A guard comes from around the corner. One I haven’t seen before. Younger, with a cruel set to his mouth. He circles toward me, and his gaze crawls over the green silk dress in a way that makes my skin prickle.

He says something in Italian. Fast. Dismissive.

My comprehension is spotty, but I catch enough. Americana. Puttana. Something about the boss being stregato. Bewitched.

Every instinct sharpens.

I know this type. Have dealt with a million men who think they can say anything, look at anything, because who’s going to stop them? My body tenses, getting ready for a fight.

I don’t get a chance to respond though.

Elio moves.

One moment he’s on the terrace. The next, he’s vaulted the railing in a single fluid motion and landed on the path beside us. The guard doesn’t have time to flinch before Elio’s hand closes around his throat and slams him into the stone wall.

Time stretches thin.

Frozen, I watch, unable to react fast enough to do anything but witness.

“Ripeti quello che hai detto.” Elio’s voice is ice. Completely calm. More terrifying than any shout. “Repeat what you said.”

The guard chokes. His feet scrabble for purchase against the gravel.

“Signore—I didn’t—”

“You looked at her.” Each word is a separate sentence. A separate crime. “You spoke to her. You insulted what’s mine.”

The other guard takes a step forward. “Capo, he didn’t mean—”

Elio’s gaze cuts his way. The guard shuts up immediately and steps back. Everyone understands. This is between the boss and the man who crossed an unspoken line.

He releases the guard’s throat, making him gasp for air, and stumble forward. Elio waits, lets him catch his balance, lets him think for one stupid second that it’s over, before he strikes.

A blow to the stomach that bends the guard double. A knee to the face that snaps his head back, blood spraying in a dark arc. The guard collapses, hands lifting in instinctive, useless defense.

Elio drops with him.

One knee on the man’s chest.

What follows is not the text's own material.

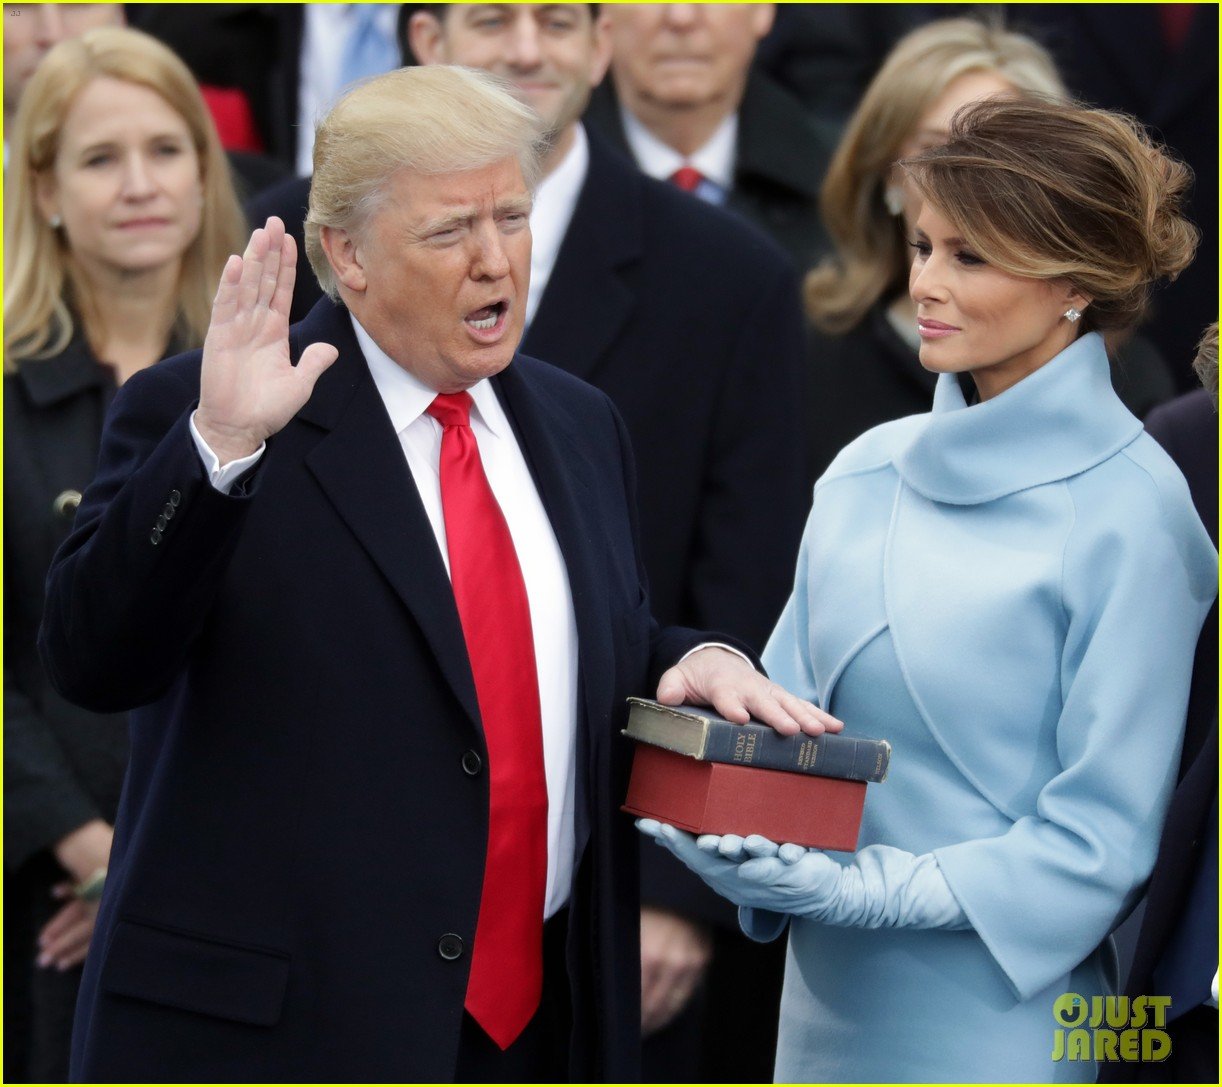 http://cdn02.cdn.justjared.com/wp-content/uploads/2017/01/trump-speeche/donald-trump-inauguration-speech-26.jpg
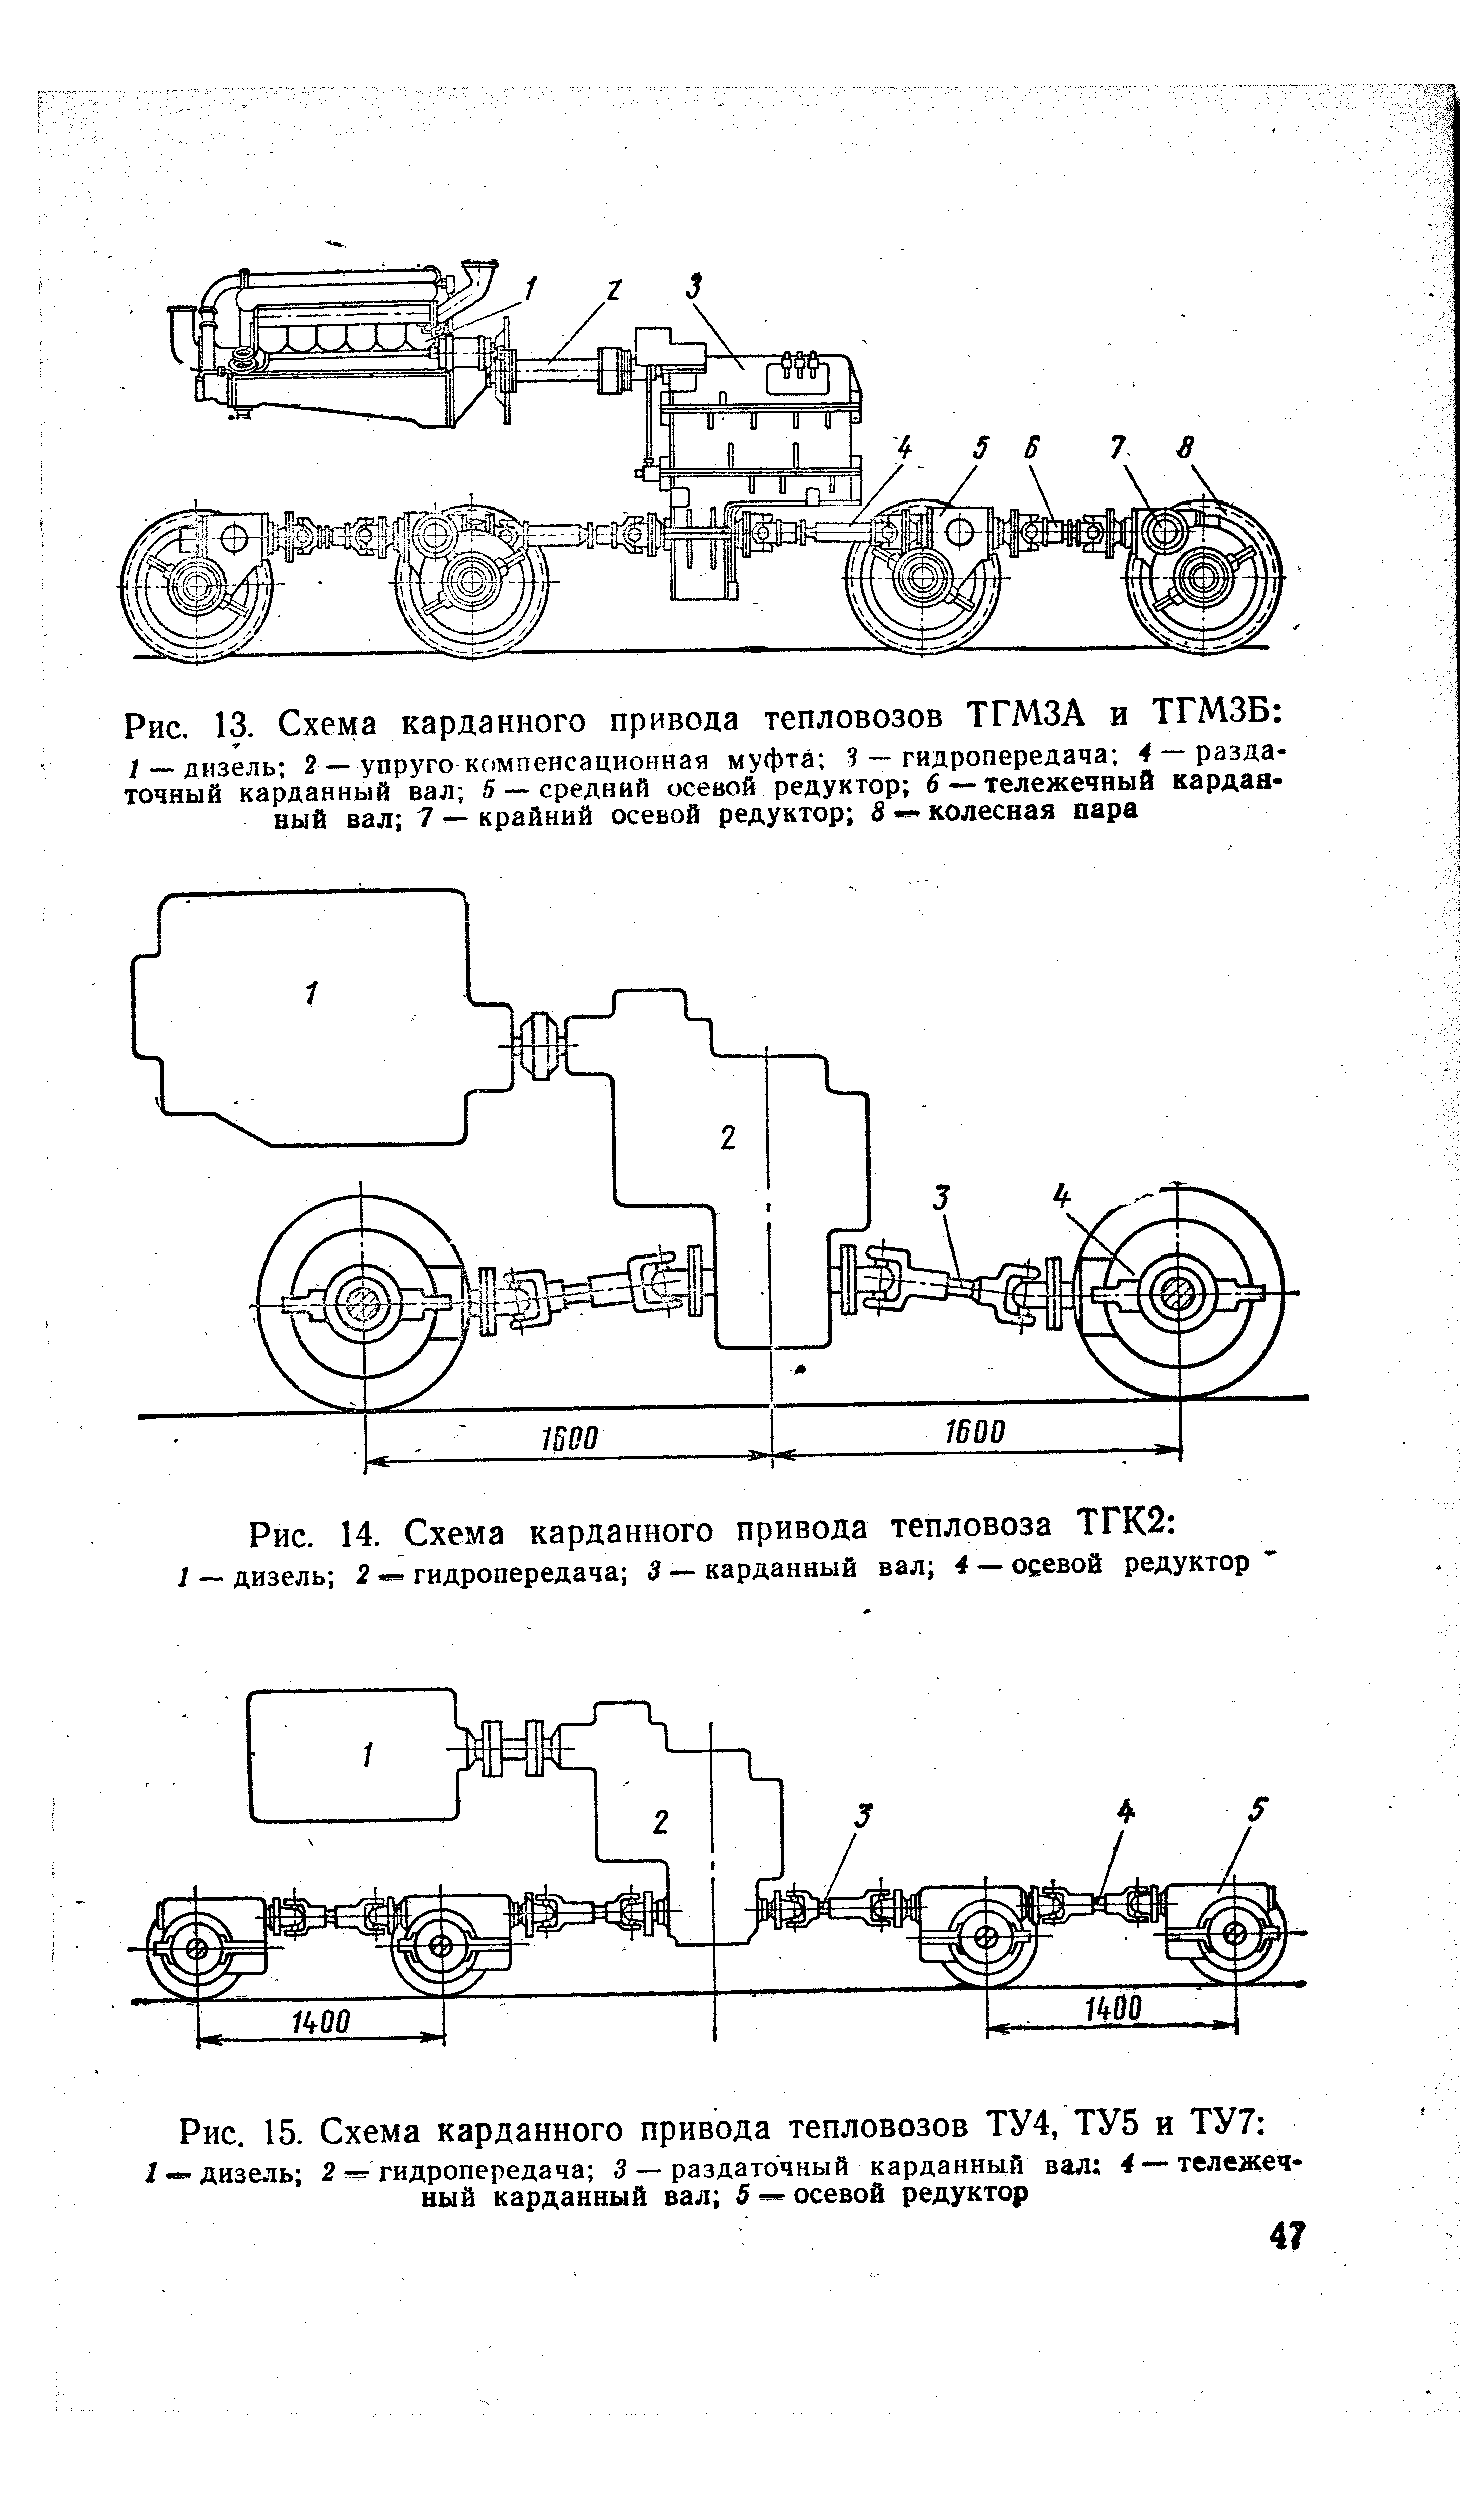 Рис. 13. Схема карданного привода тепловозов ТГМЗА и ТГМЗБ

He catches the guard’s arm and twists. The crack of breaking bone rings through the garden. The scream that follows is inhuman. Raw. The guard’s arm bends at an angle arms don’t bend, as he writhes, sobbing, while Elio’s expression remains completely blank.

No rage. No satisfaction.

Correction. Not punishment. A lesson.

“She is mine.” Elio’s voice carries clearly in the sudden silence. “Her face. Her body. The air she breathes. Not for you to look at. Not for you to consider. Erase her from your mind. Capisce?”

The guard can only sob.

The other two guards who were watching drag him away, muttering “idiota” under their breath. Blood smears the stone where he fell.

All that’s left is silence.

Elio stands slowly. His chest rises and falls too fast, the only sign that anything out of the ordinary just happened. There’s blood on his knuckles, on the cuffs of his pristine shirt. He straightens his collar, runs a bloody hand through his hair in a small, unconscious attempt at composure.

Then he turns.

Looking for me.

I’m still on the path. Haven’t moved. There are tiny droplets of blood on my silk dress, on my bare skin where the spray caught me.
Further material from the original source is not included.